**** Provided data
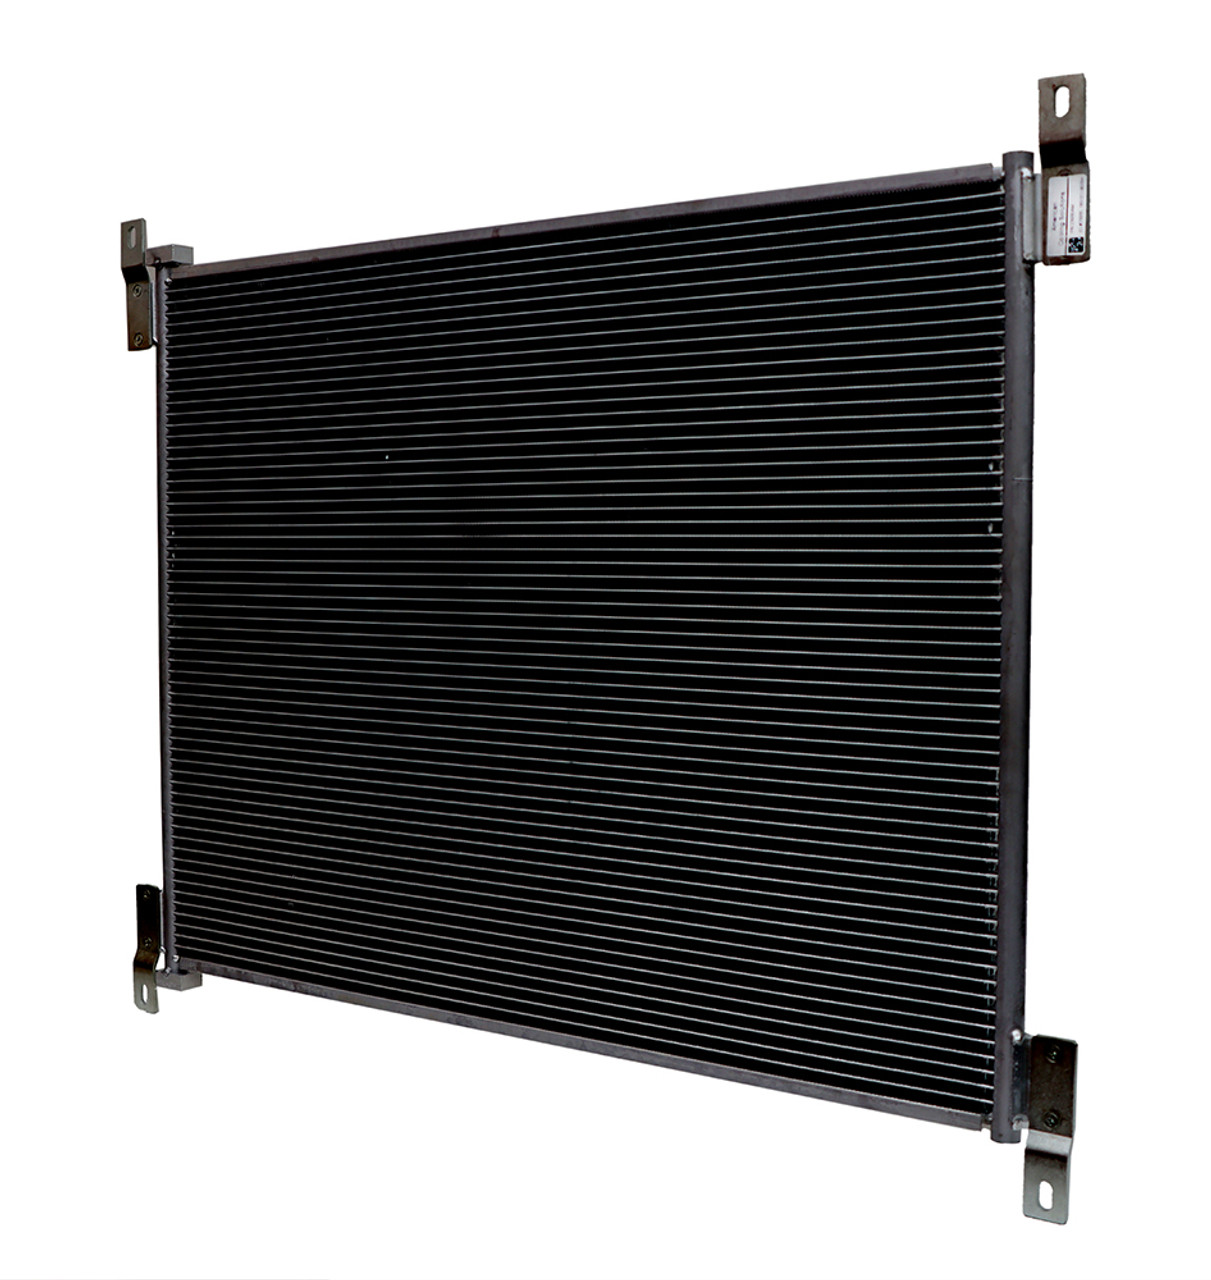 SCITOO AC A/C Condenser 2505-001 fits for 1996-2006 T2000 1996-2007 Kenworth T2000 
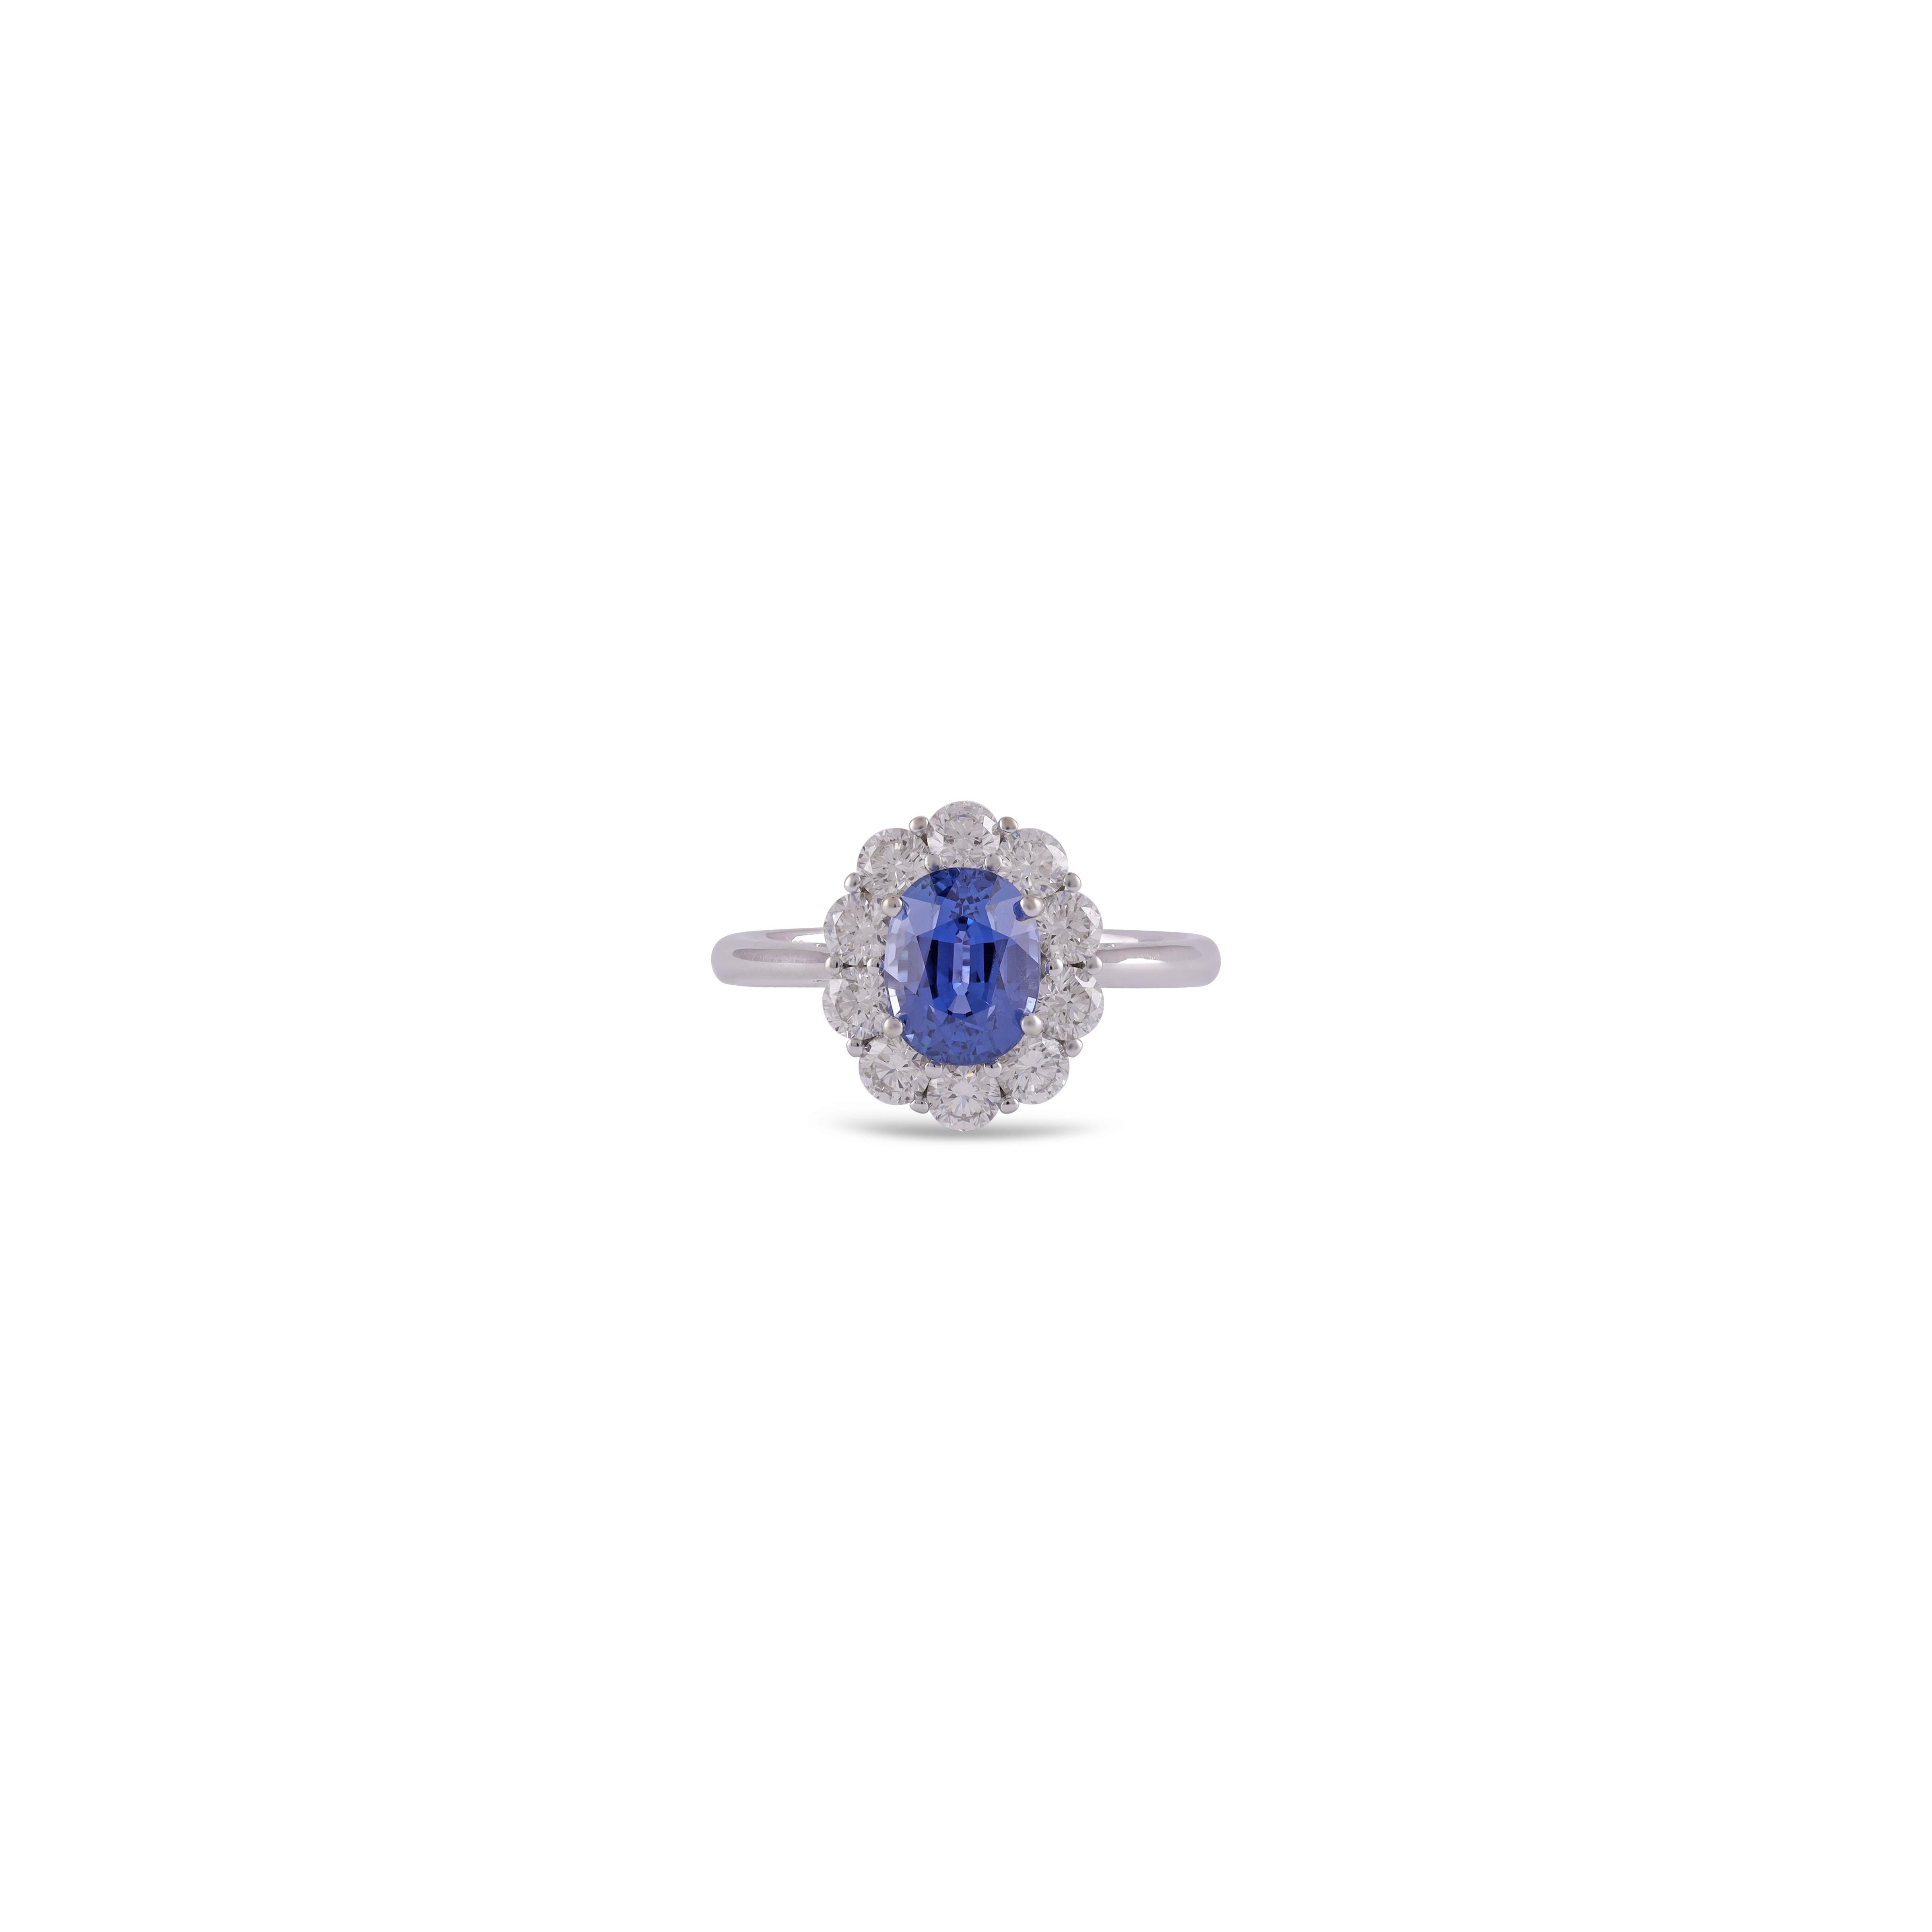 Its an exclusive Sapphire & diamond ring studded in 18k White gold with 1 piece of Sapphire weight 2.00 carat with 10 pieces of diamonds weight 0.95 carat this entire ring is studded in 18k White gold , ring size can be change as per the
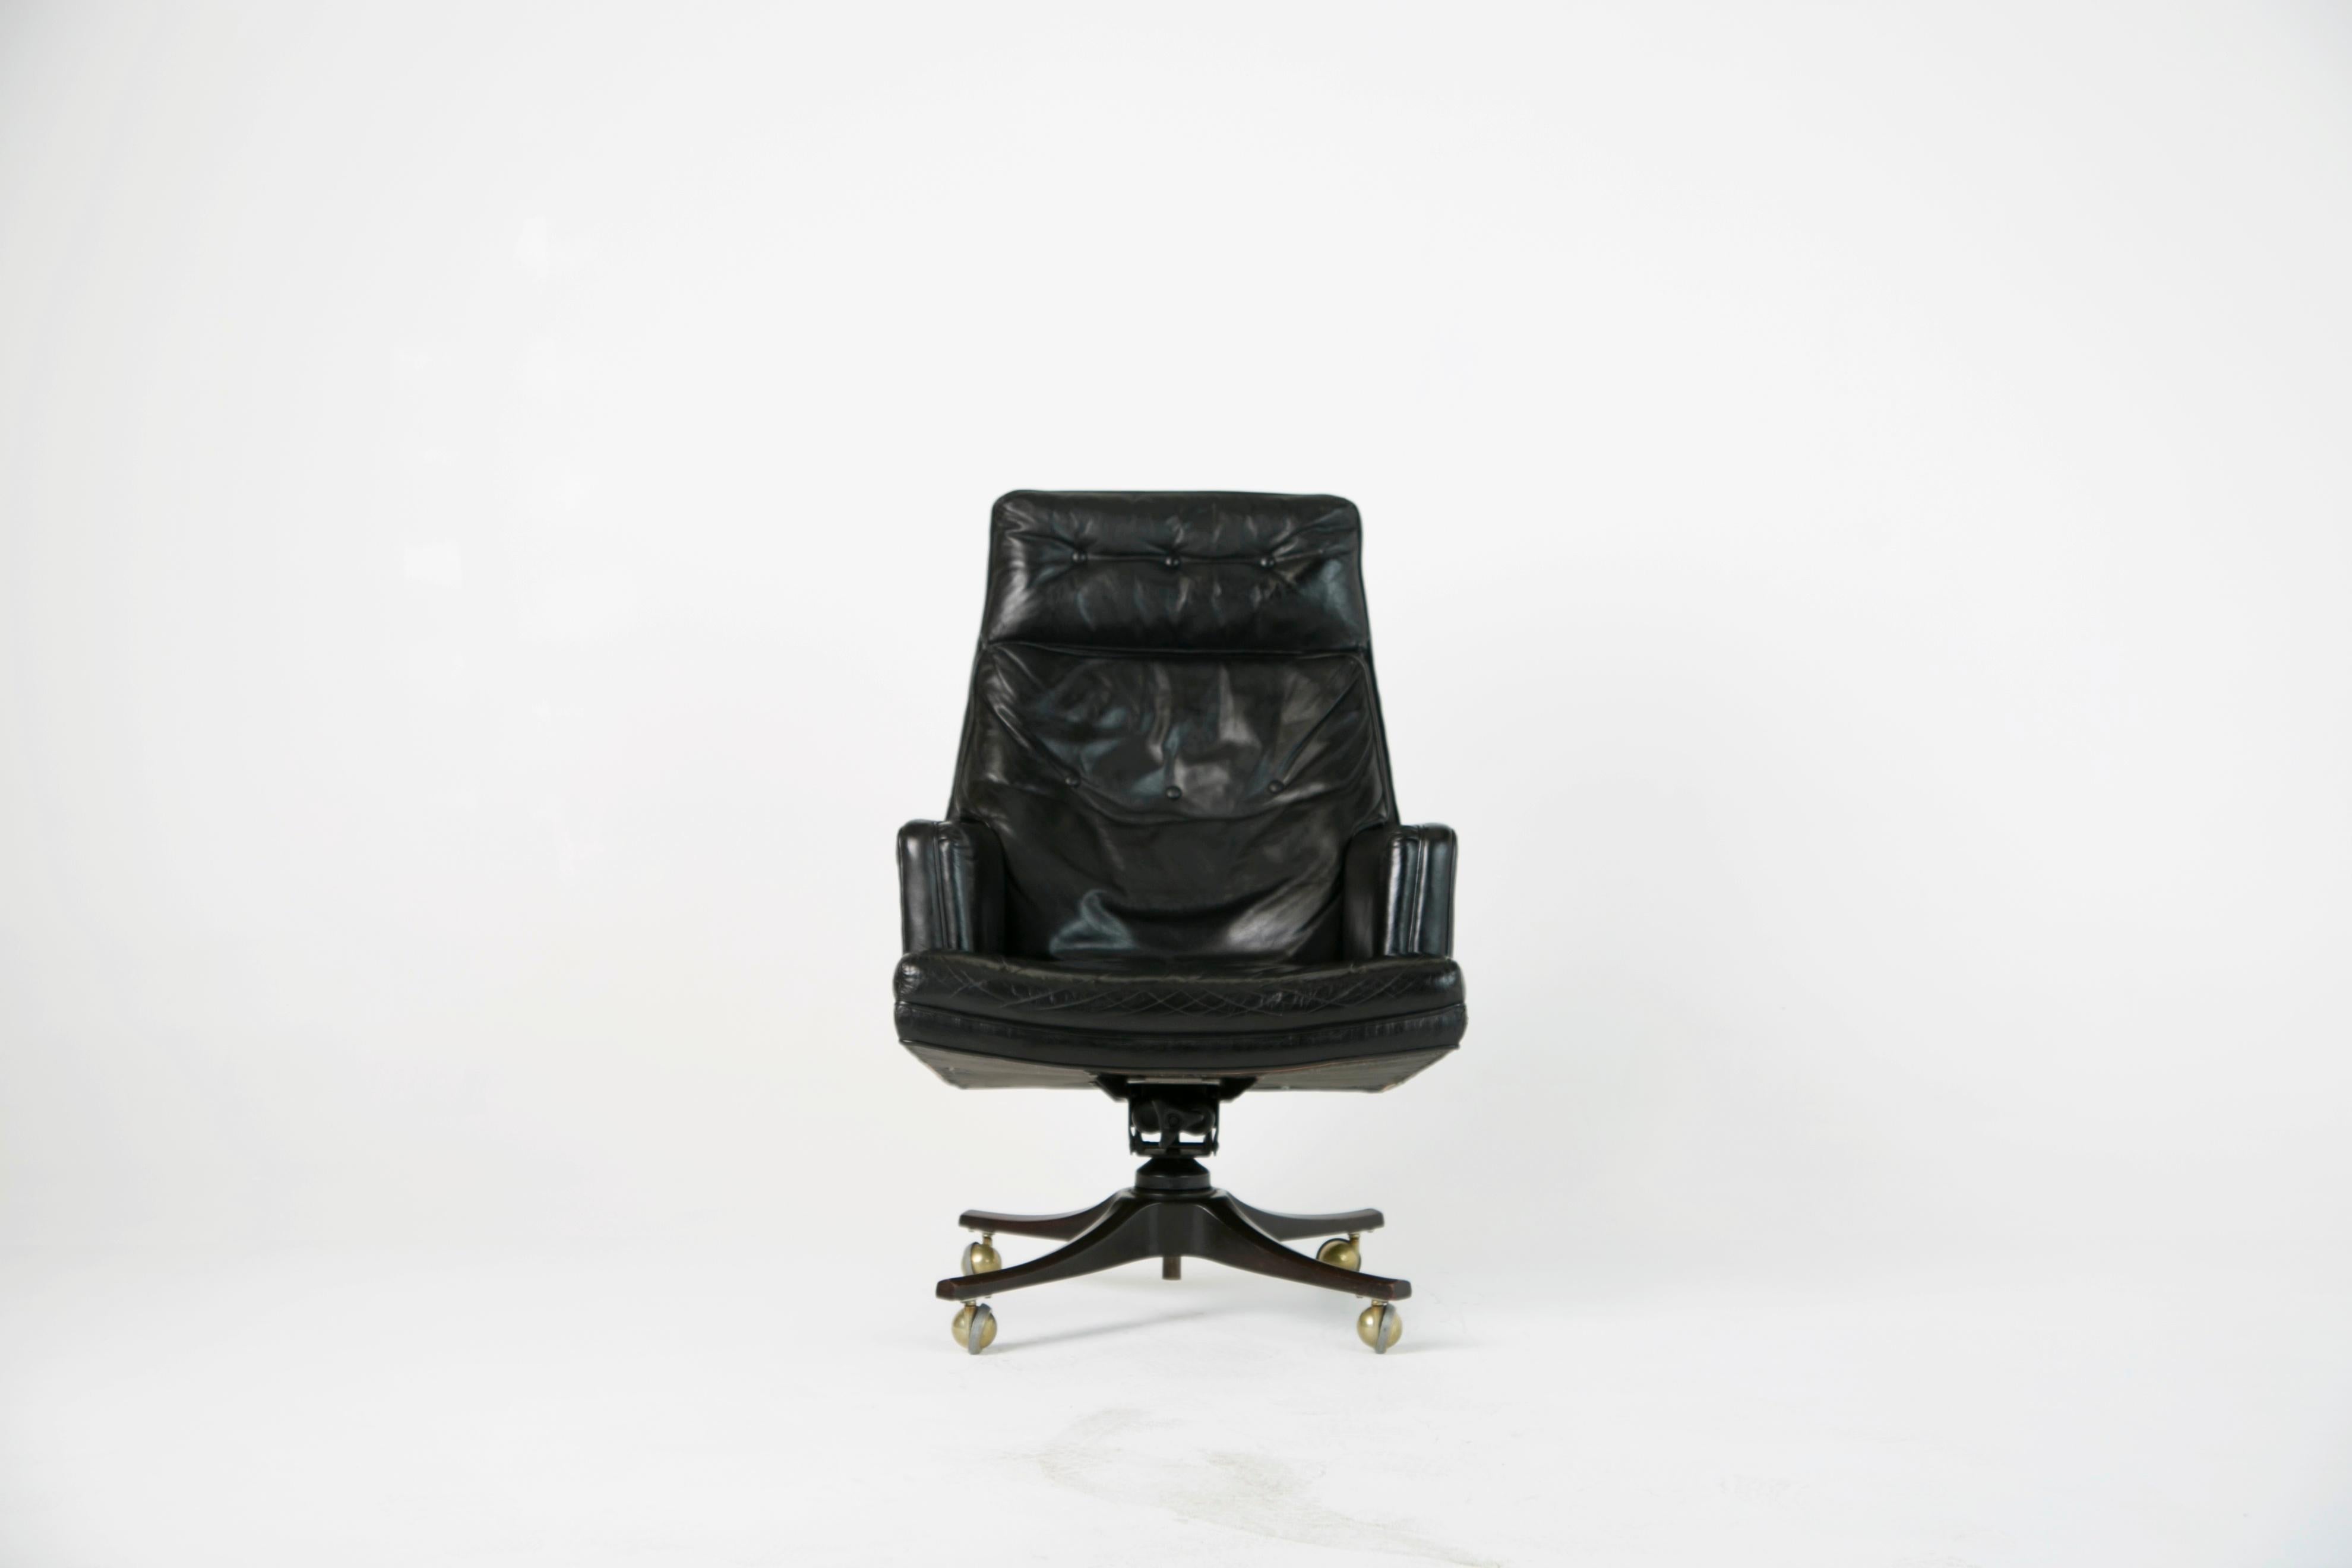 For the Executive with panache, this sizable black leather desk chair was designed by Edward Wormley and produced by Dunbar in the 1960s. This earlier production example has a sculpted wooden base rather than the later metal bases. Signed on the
********
Task directions> When you repeat the listing, keep it exact and leave the pictures behind.

Answer box>
 SCITOO AC A/C Condenser 2505-001 fits for 1996-2006 T2000 1996-2007 Kenworth T2000 
 Its an exclusive Sapphire & diamond ring studded in 18k White gold with 1 piece of Sapphire weight 2.00 carat with 10 pieces of diamonds weight 0.95 carat this entire ring is studded in 18k White gold , ring size can be change as per the
 For the Executive with panache, this sizable black leather desk chair was designed by Edward Wormley and produced by Dunbar in the 1960s. This earlier production example has a sculpted wooden base rather than the later metal bases. Signed on the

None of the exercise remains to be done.